Disclosure of Invention

An object of the utility model is to provide an anti interference power supply overvoltage crowbar, this protection circuit interference killing feature is strong, can guarantee relay normal work, and this protection circuit simple structure, and the hardware is with low costs.

The technical scheme is as follows:

the anti-interference power supply overvoltage protection circuit comprises a power supply input end, a power supply output end, a relay and an overvoltage protection circuit, wherein the input end of the overvoltage protection circuit is connected with the power supply input end, and the relay is connected between the output end of the overvoltage protection circuit and the power supply output end; the overvoltage protection circuit comprises a voltage reduction circuit, a rectification filter circuit, a comparator and a latch, the voltage reduction circuit, the rectification filter circuit, the comparator, the latch and the relay are sequentially connected, and a voltage division resistor and a reference voltage source are arranged between the rectification filter circuit and the comparator.

In one embodiment, the voltage reduction circuit comprises a first resistor and a first capacitor, the first resistor and the first capacitor are connected in parallel to form a resistance-capacitance voltage reduction component, one end of the resistance-capacitance voltage reduction component is connected with the power supply input end, and the other end of the resistance-capacitance voltage reduction component is connected with the rectification filter circuit.

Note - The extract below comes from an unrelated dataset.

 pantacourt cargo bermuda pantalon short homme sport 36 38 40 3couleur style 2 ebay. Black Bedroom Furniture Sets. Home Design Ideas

In one embodiment, the rectifying and filtering circuit comprises a first diode, a second diode, a third diode and a fourth diode, wherein the cathode of the first diode is connected with the cathode of the second diode, the anode of the third diode is connected with the anode of the fourth diode and grounded, the anode of the first diode is connected with the cathode of the third diode, the anode of the second diode is connected with the cathode of the fourth diode, and the resistance-capacitance voltage reduction component is respectively connected with the anodes of the first diode and the second diode.

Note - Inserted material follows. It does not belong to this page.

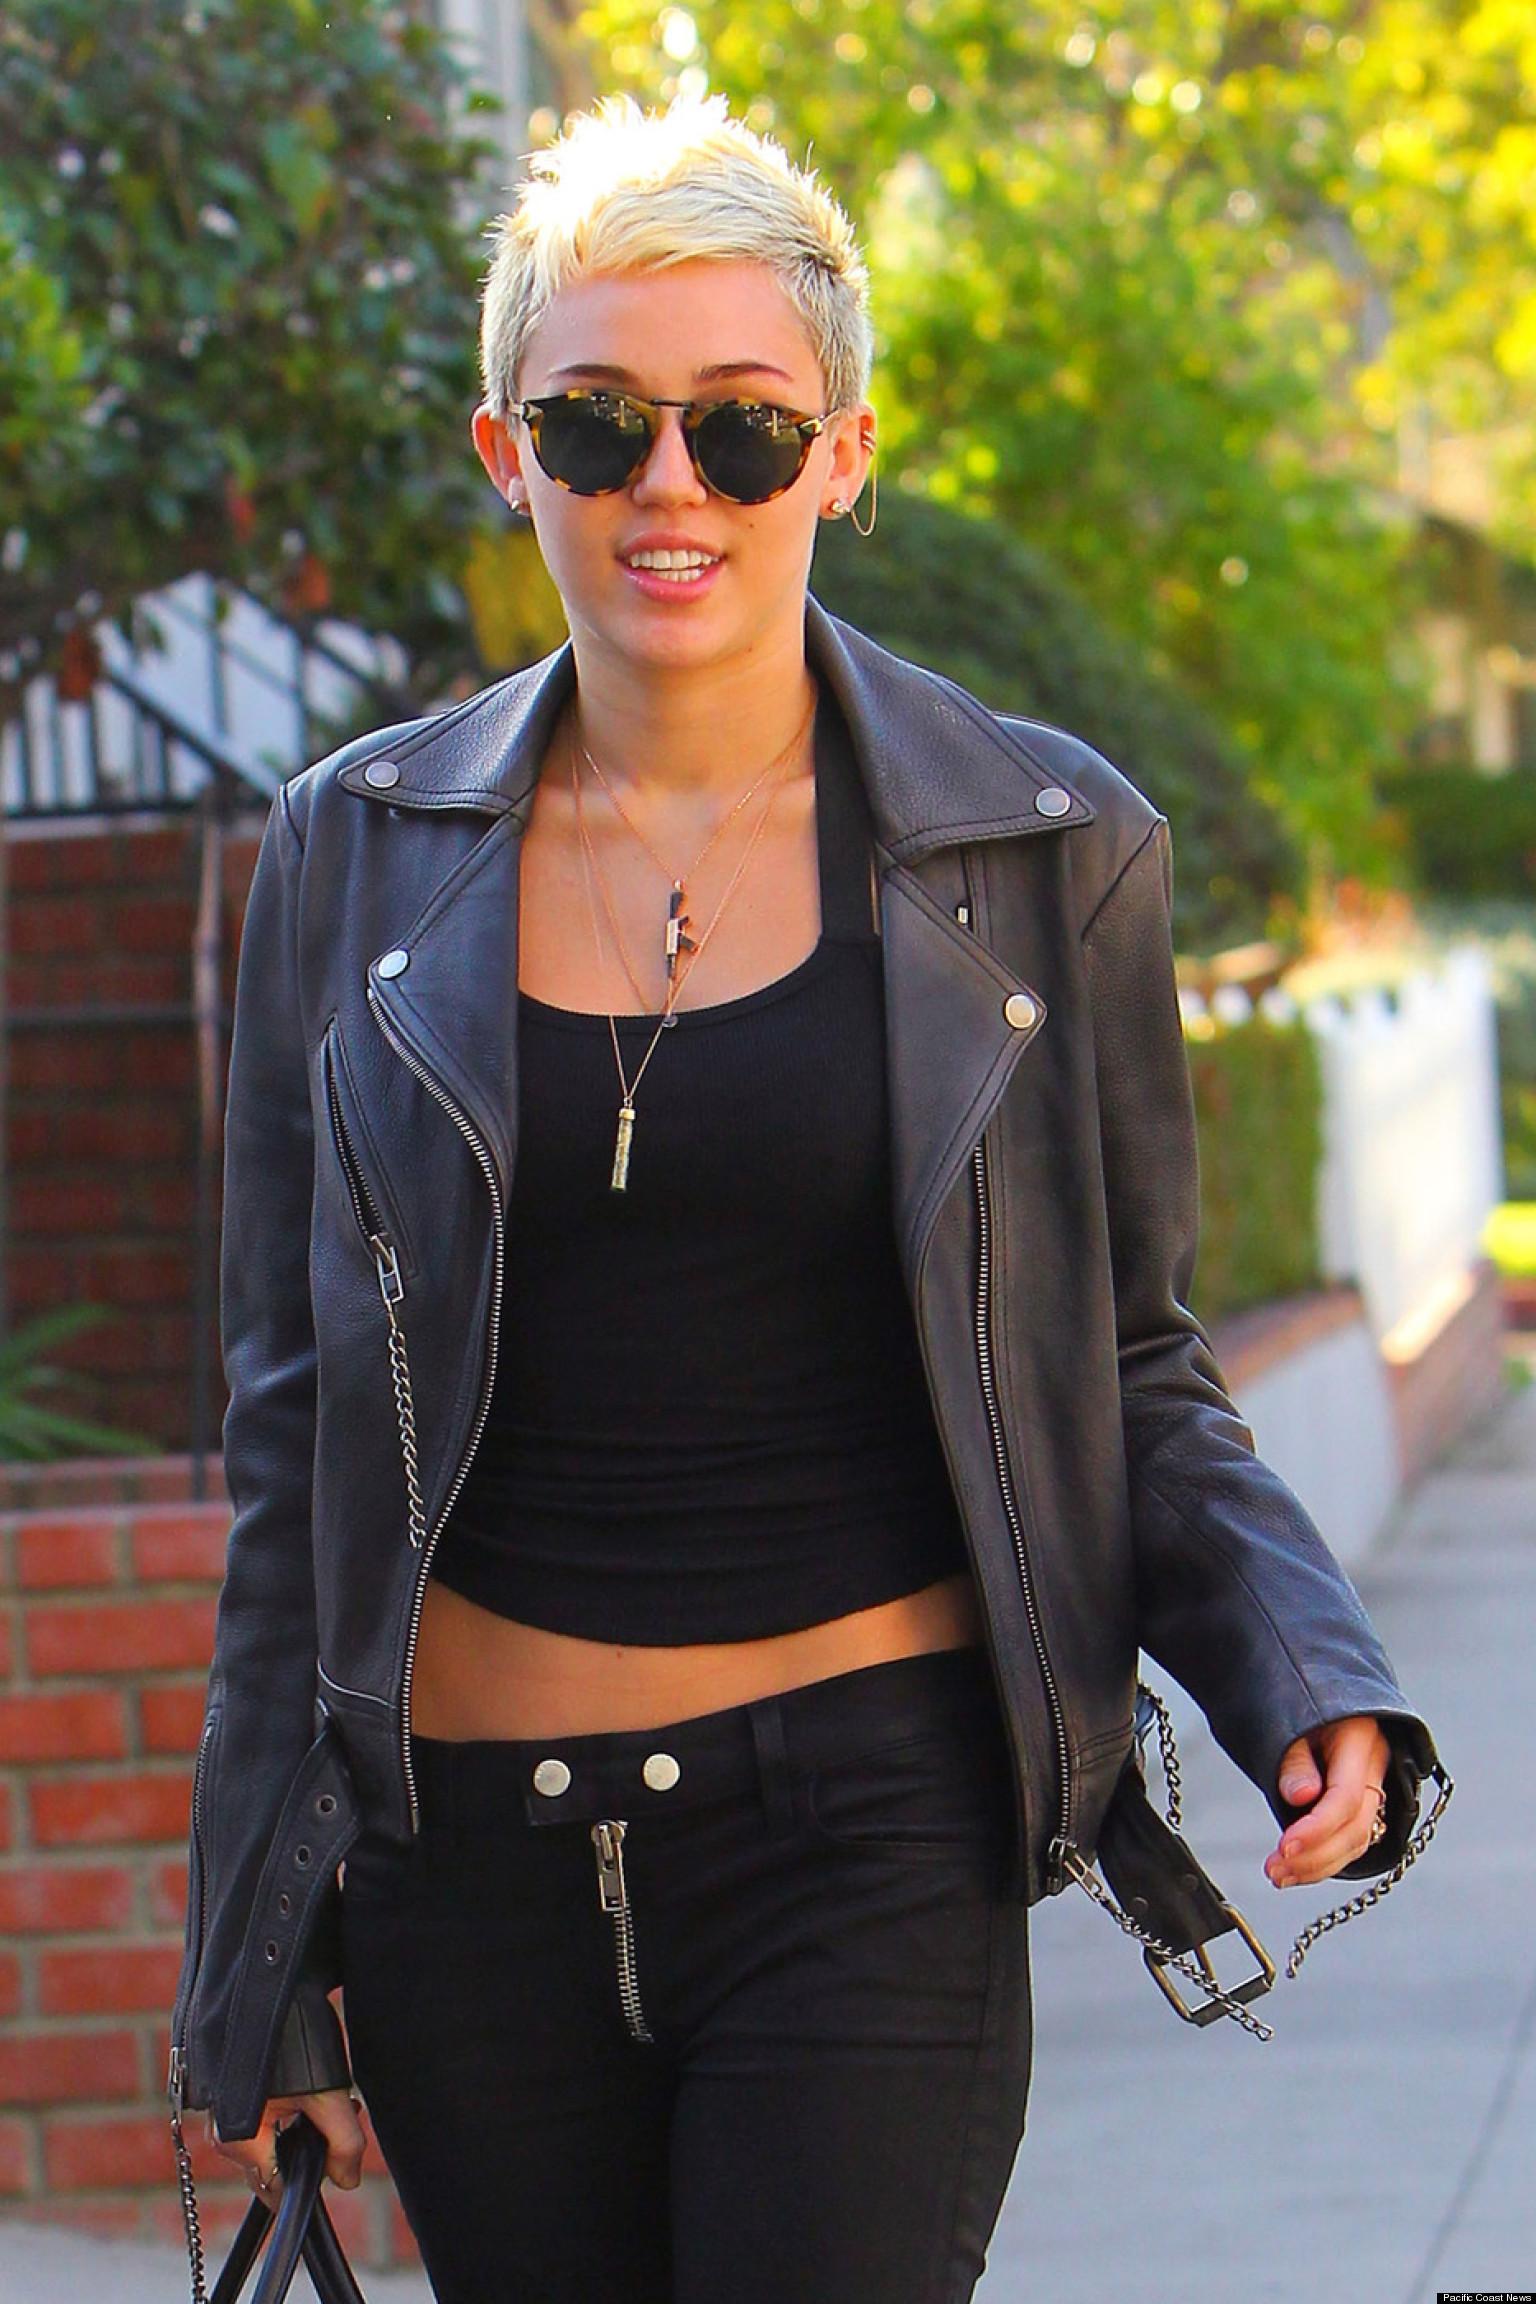 Image O Miley Cyrus Short Hair Facebookg Project Peacock Wiki

In one embodiment, the rectifying and filtering circuit further comprises a filter capacitor, wherein one end of the filter capacitor is connected with the cathode of the second diode, and the other end of the filter capacitor is grounded.

In one embodiment, a first power line and a second power line are connected between the power input end and the power output end, the resistance-capacitance voltage reduction component is connected with the input end of the second power line, the anode of the first diode is connected with the input end of the first power line, and the relay is connected with the output end of the first power line.

In one embodiment, the voltage dividing resistor includes a second resistor and a third resistor, the second resistor and the third resistor are connected in series, one end of the second resistor and one end of the third resistor after the second resistor and the third resistor are connected with the cathode of the second diode, the other end of the second resistor and the third resistor are grounded, and the connection position of the second resistor and the third resistor is connected with the first input end of the comparator.

In one embodiment, the reference voltage source is connected in parallel with the second resistor and the third resistor after being connected in series, and the reference voltage source is connected with the second input end of the comparator.

In one embodiment, the output terminal of the comparator is connected to the input pin D of the latch, and the output pin Q of the latch is connected to the relay.

In one embodiment, the input pin OE of the latch is grounded, and the input pin LE of the latch inputs a control signal.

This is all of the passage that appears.